[R-sig-eco] repeated measures NMDS?
Gavin Simpson
gavin.simpson at ucl.ac.uk
Thu Nov 11 11:08:21 CET 2010
[Apologies - I replied with this only to Kay. Hopefully she won't mind
receiving it twice!]
On Thu, 2010-11-11 at 10:32 +0100, Kay Cecil Cichini wrote:
> thanks a lot for your elaborations.
>
> of course, envfit(..,strata=rep.mes) does it.
>
> then, at least, i consider it exercise for other cases, were you really
> might need a handmade permutation
>
> so, as to round this off, i actually can't analyse this very design in
> such a way, with the right NULL concerned - but were to go from here?

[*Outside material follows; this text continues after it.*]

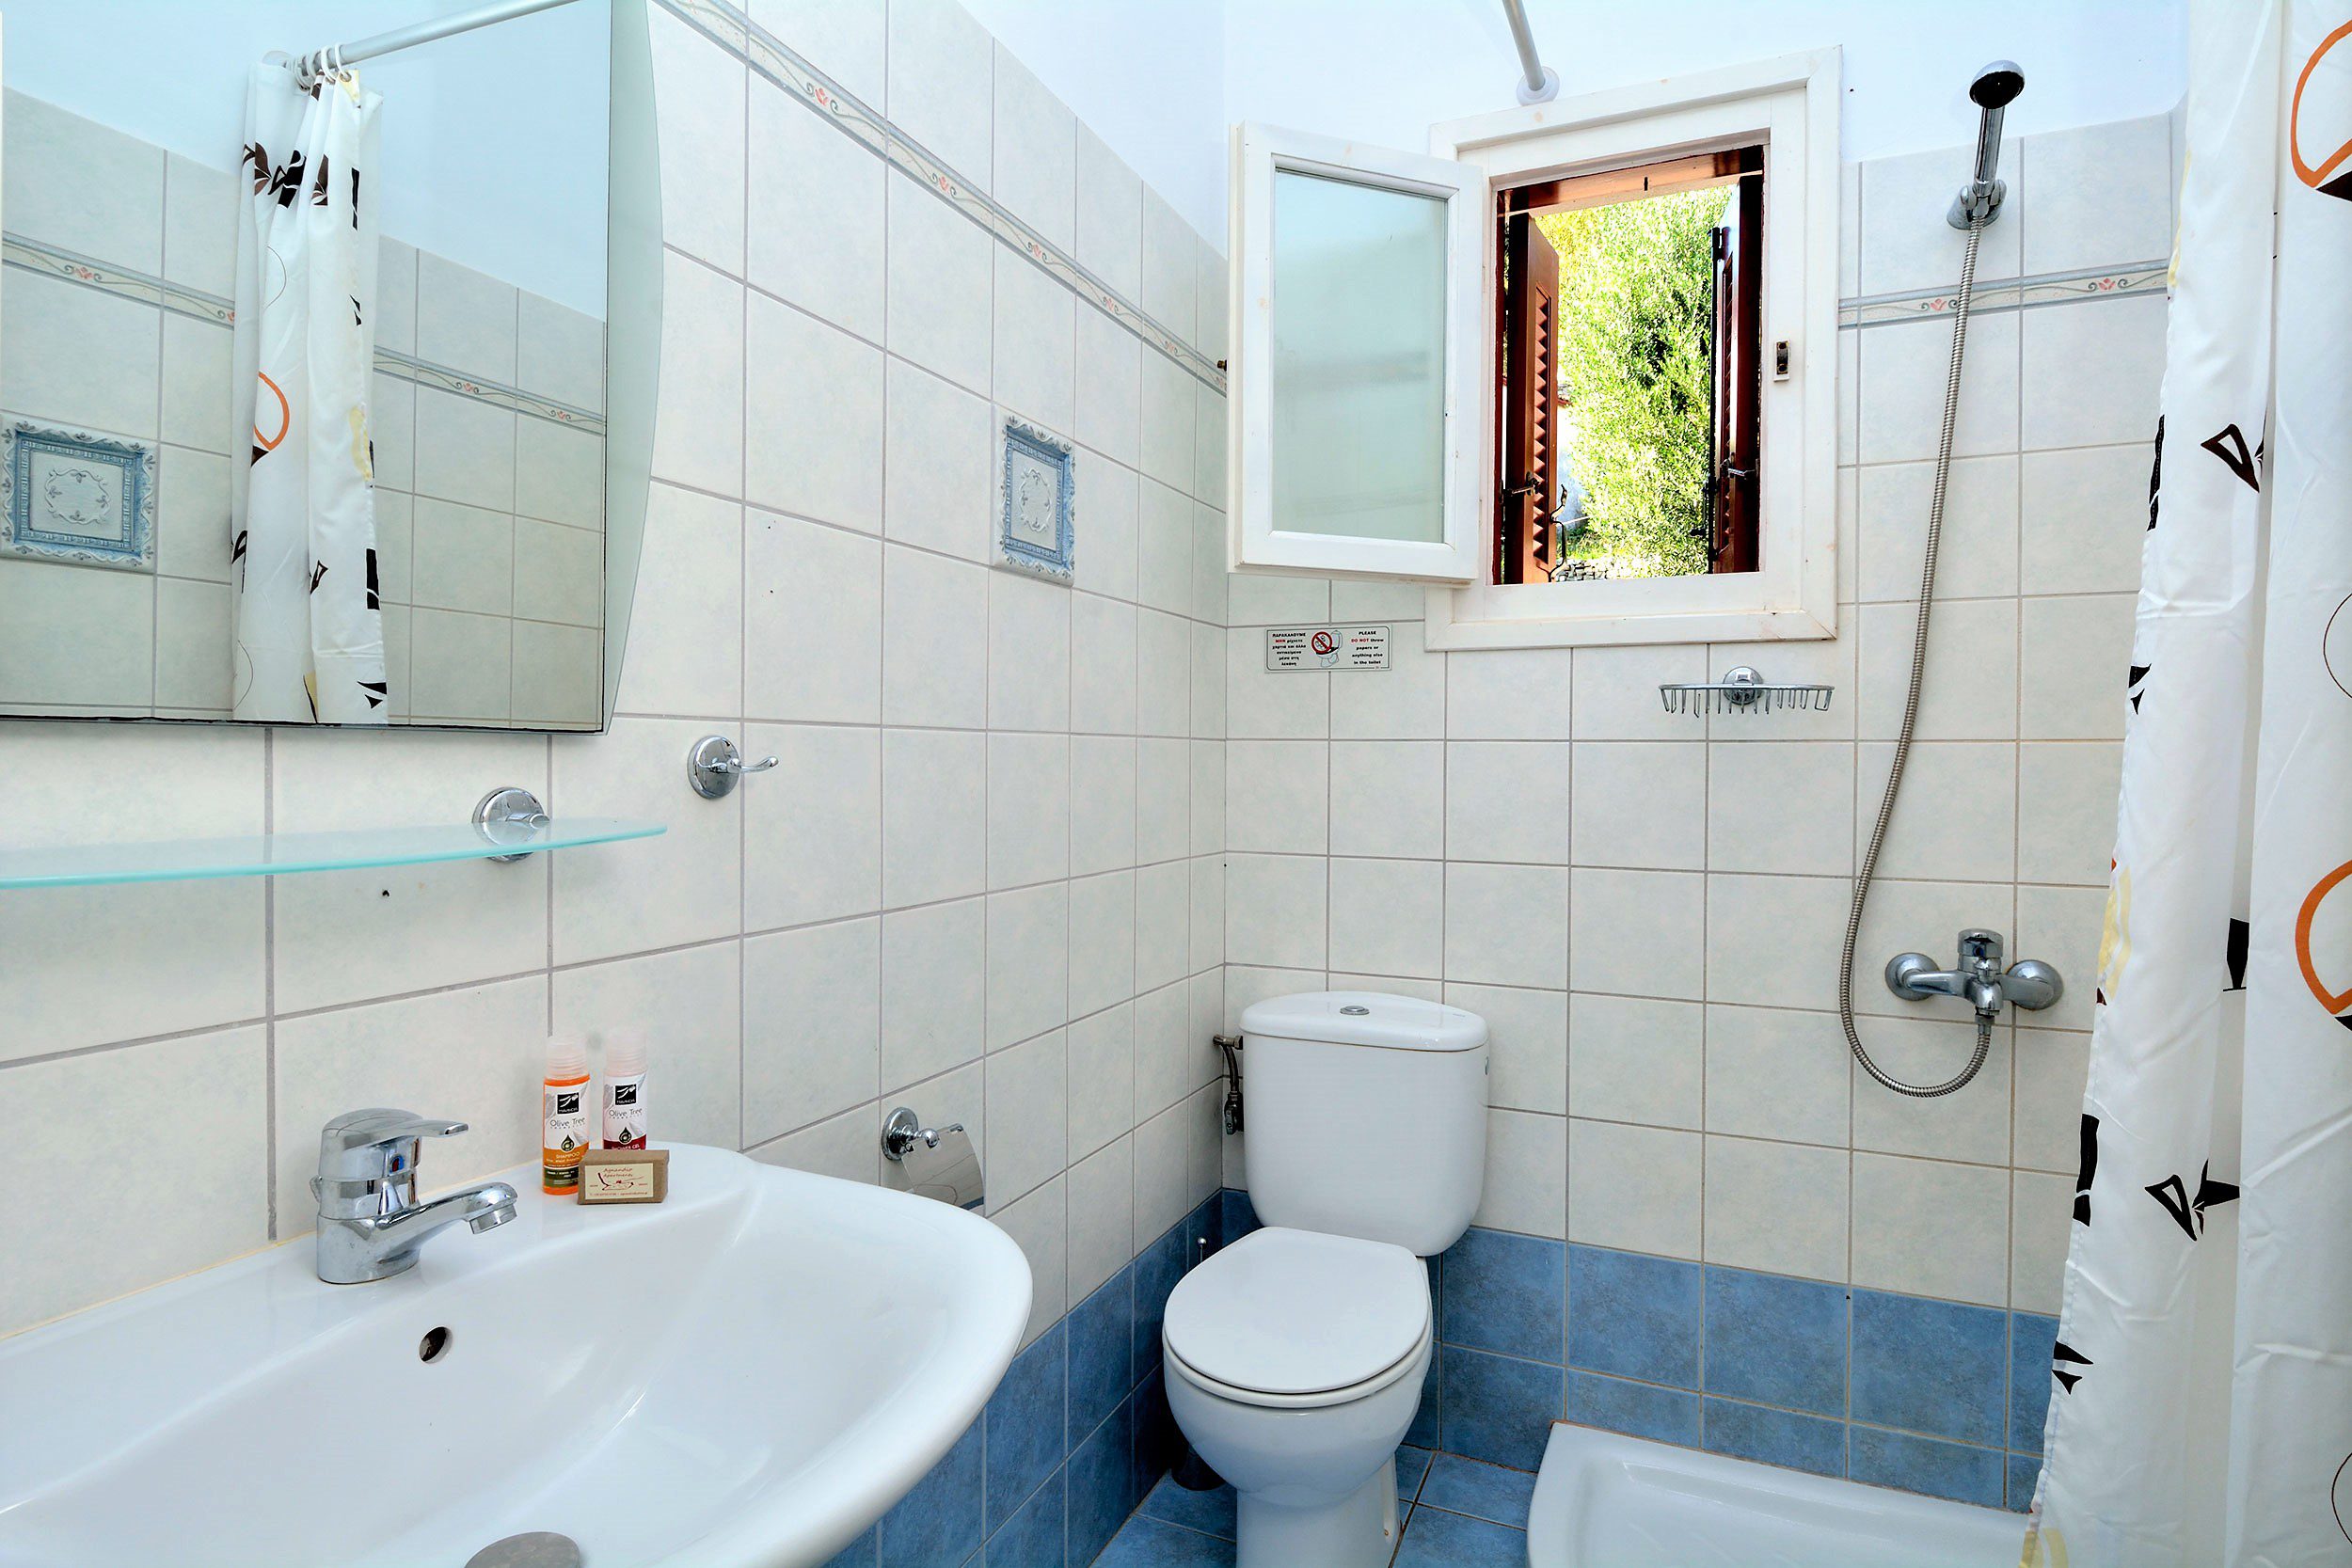 Interior bathroom from holiday apartments Kioni, Ithaca Greece

You could hook up the code in 'permute'. It contains a new
permuted.index() function (and currently no NAMESPACE, so will overwrite
(mask) the vegan version if loaded after vegan) which will break all the
permutation code in vegan).
Here is your example, modified to use the code in permute. I post this
to illustrate how you'd use the new code. There are lots of examples
in ?permuted.index (for the permute package, not the vegan package
version), but *don't* touch the permutation t-test example code as it
uses permCheck() and it might call allPerms() and allPerms() *IS*
*WRONG* for some designs --- this is the last bit I need to fix/get
working before we can make our first release of this code.
HTH
G
Here's the example script:
## Load packages
require(vegan)
require(permute)
## Data
set.seed(123)
sp <- matrix(runif(24*3*5, 0, 100), nrow = 24 * 3, ncol = 5)
env <- rnorm(24*3, 10, 2)
rep.mes <- gl(24, 3)
### NMDS:
sol <- metaMDS(sp, trymax = 5)
fit <- envfit(sol~env, permutations = 0) ## perms now won't work!
B <- 999 ## number of perms
### setting up frame for population of r2 values:
pop <- rep(NA, B + 1)
pop[1] <- fit$vectors$r
## set-up a Control object:
ctrl <- permControl(strata = rep.mes,
within = Within(type = "series", mirror = FALSE))
## we turn off mirroring as time should only flow in one direction
## Number of observations
nobs <- nrow(sp)
## check it works
matrix(permuted.index(nobs, control = ctrl), ncol = 3, byrow = TRUE)
## Yep - Phew!!!
### loop:
set.seed(1)
for(i in 2:(B+1)){
idx <- permuted.index(nobs, control = ctrl)
fit.rand <- envfit(sol ~ env[idx], permutations = 0)
pop[i] <- fit.rand$vectors$r
}
### p-value:
pval <- sum(pop >= pop[1]) / (B + 1)
pval
I get:
> pval
[1] 0.286
Now to compare with the actual permutation you'd have gotten from
env.fit, you first need:
detach(package:permute)
Then run:
> set.seed(1)
> fit2 <- envfit(sol~env, permutations = 999, strata = rep.mes)
> fit2
***VECTORS
NMDS1 NMDS2 r2 Pr(>r)
env 0.28727 0.95785 0.0315 0.321
P values based on 999 permutations, stratified within strata.
> a simplistic approach could be, averaging sites, yielding n=24 for
> further testing.
>
> yours,
> kay
>
>
> Gavin Simpson schrieb:
> > On Thu, 2010-11-11 at 09:50 +0100, Kay Cecil Cichini wrote:
> >> gavin,
> >>
> >> sorry - of course it should be permute.strata=F, permuting within
> >> individual sites!
> >> but despite of this the code should work, doesn't it?
> >
> > Yes, it should - i.e the permutation will be random within the blocks.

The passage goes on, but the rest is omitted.